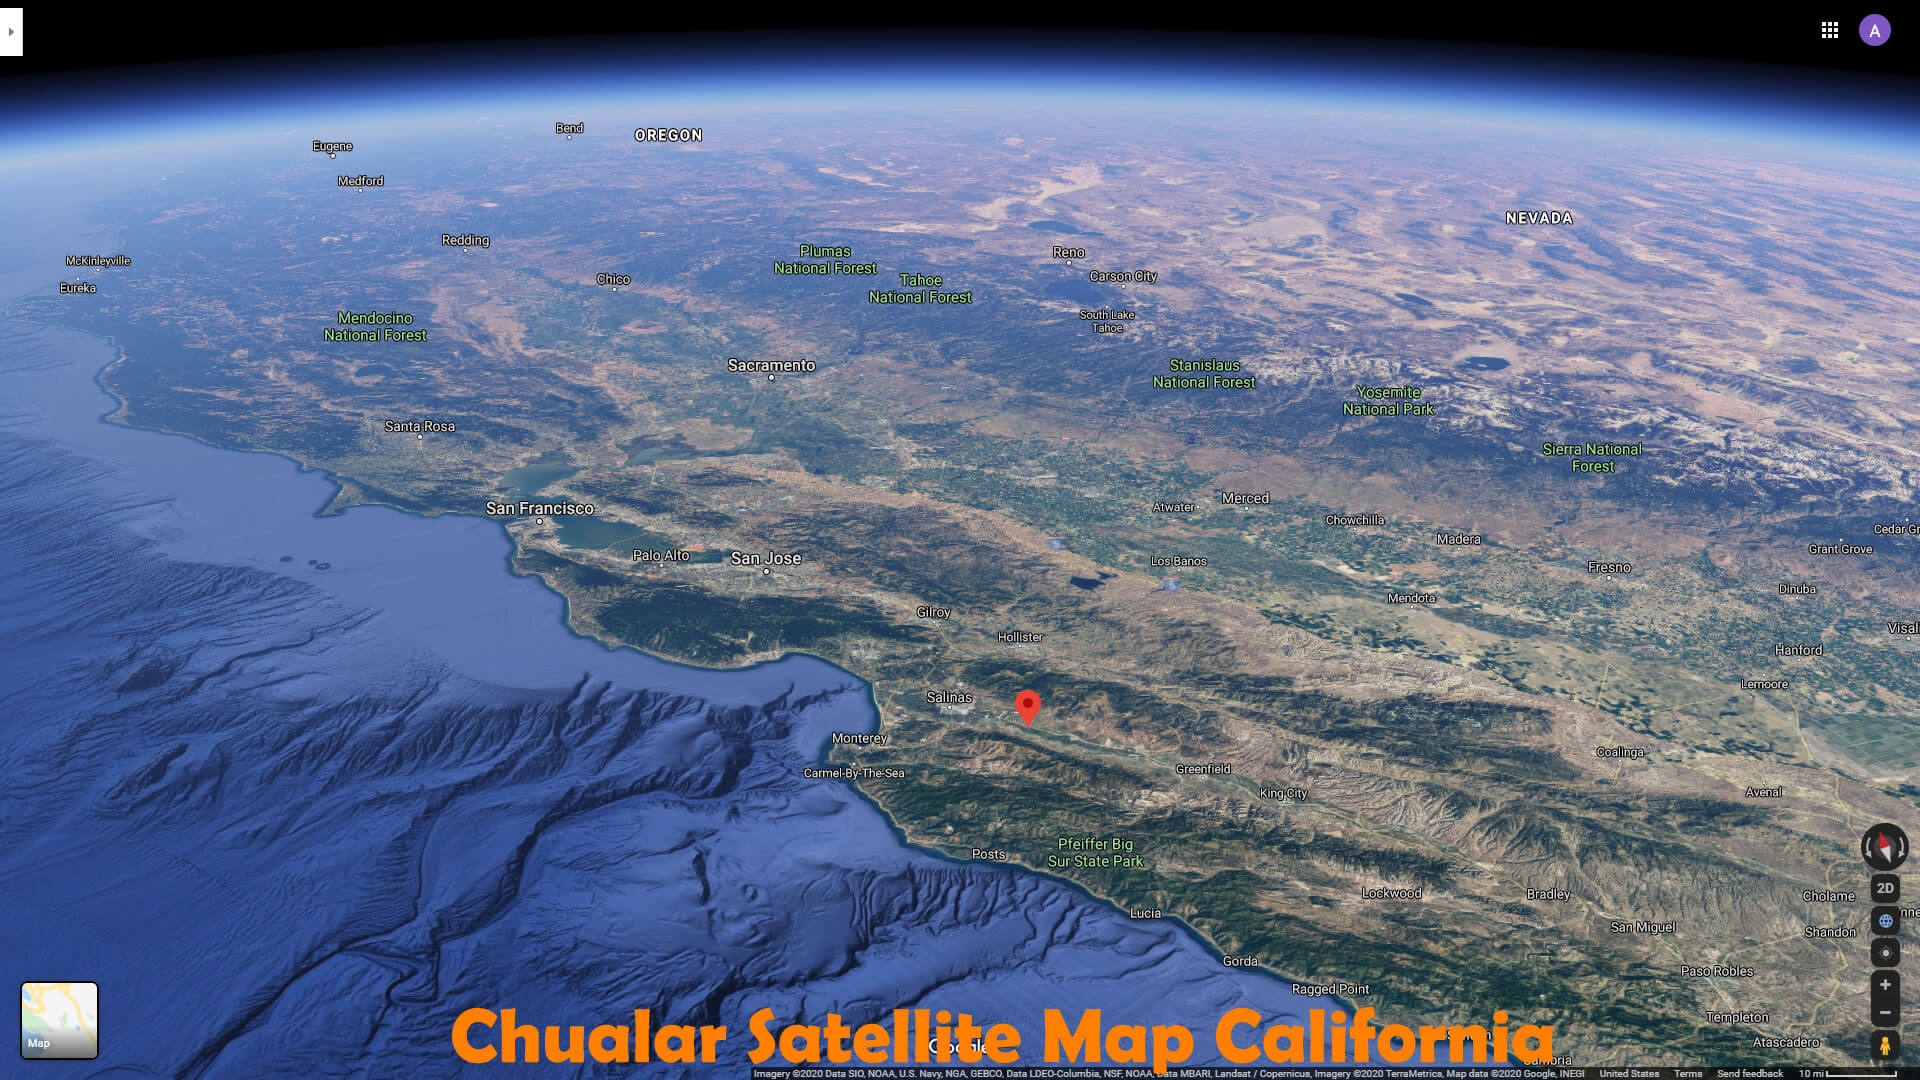 Chualar Satellite Carte californie
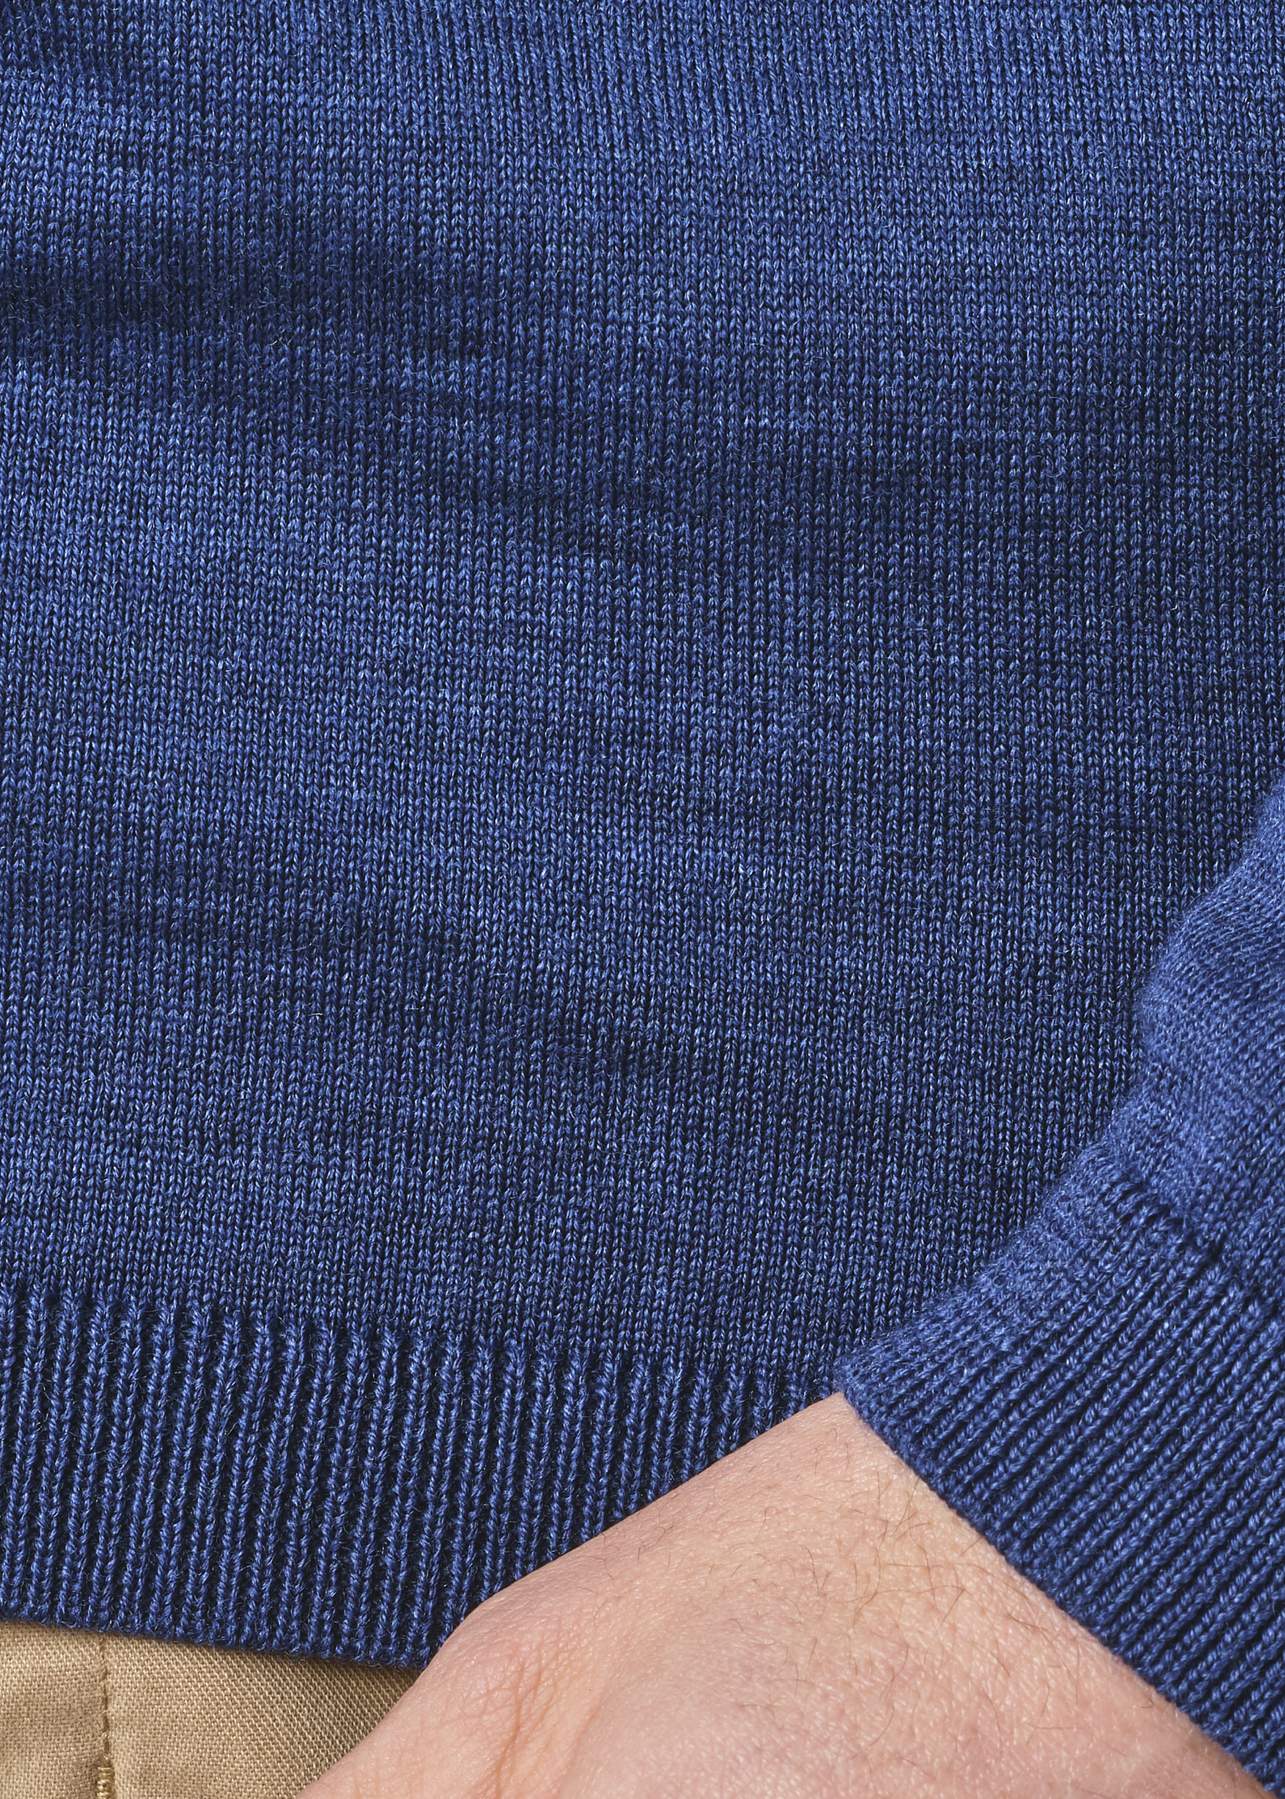 Klitmøller  Mens basic merino knit sweater / men
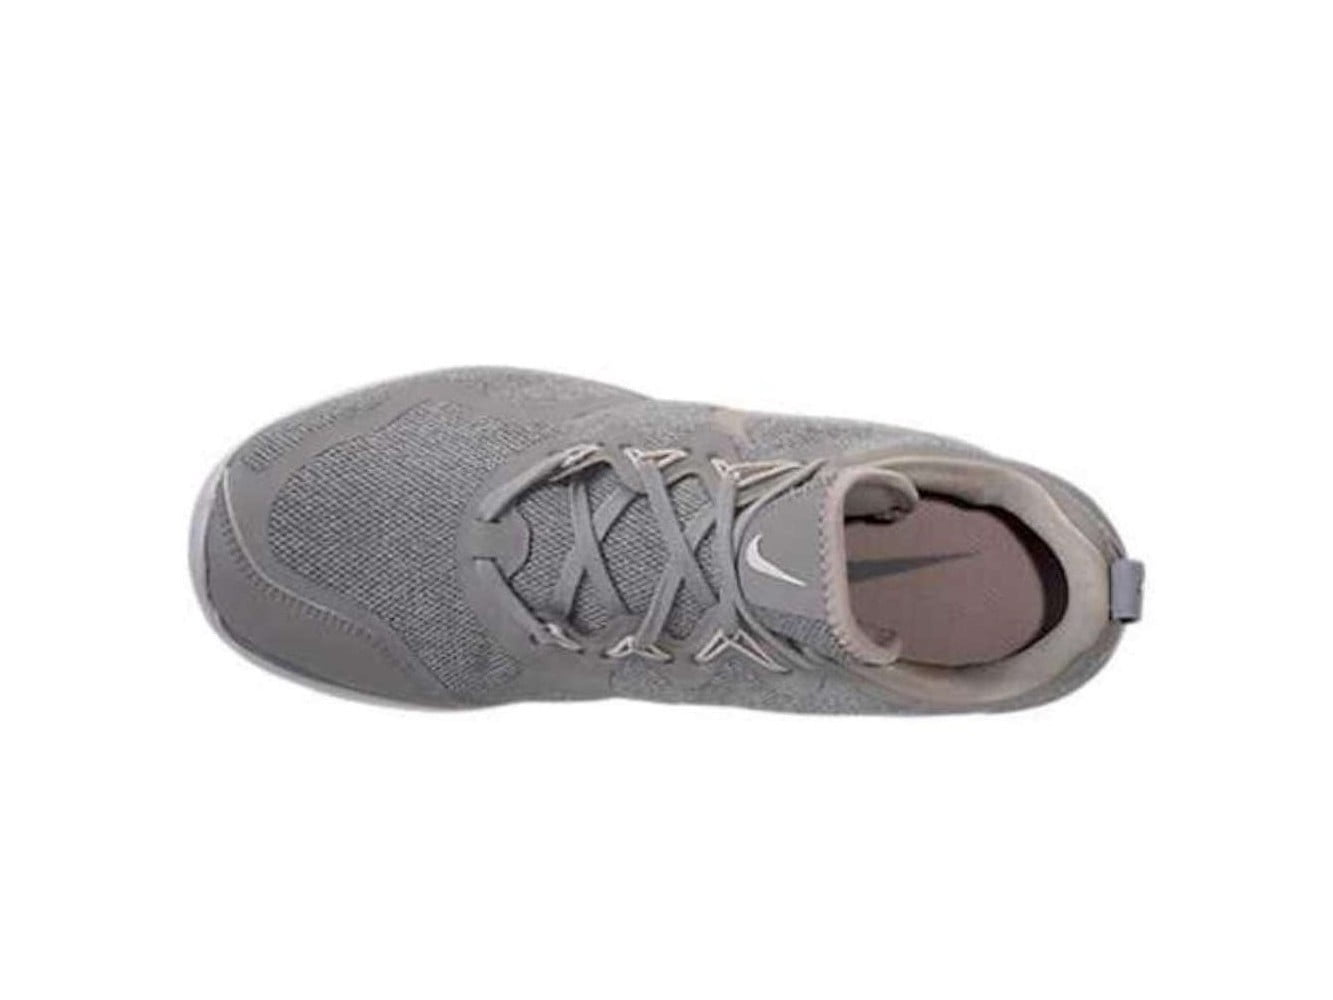 Speels Peer Machtig Nike Mens Air Max Fury Low Top Lace Up Running Sneaker - Walmart.com

=-=-=

◆ TASK DETAILS: Set down the material exactly, every line of it, except for the pictures.

◆ RESPONSE AREA:
 Chualar Satellite Carte californie
 Klitmøller  Mens basic merino knit sweater / men
 Speels Peer Machtig Nike Mens Air Max Fury Low Top Lace Up Running Sneaker - Walmart.com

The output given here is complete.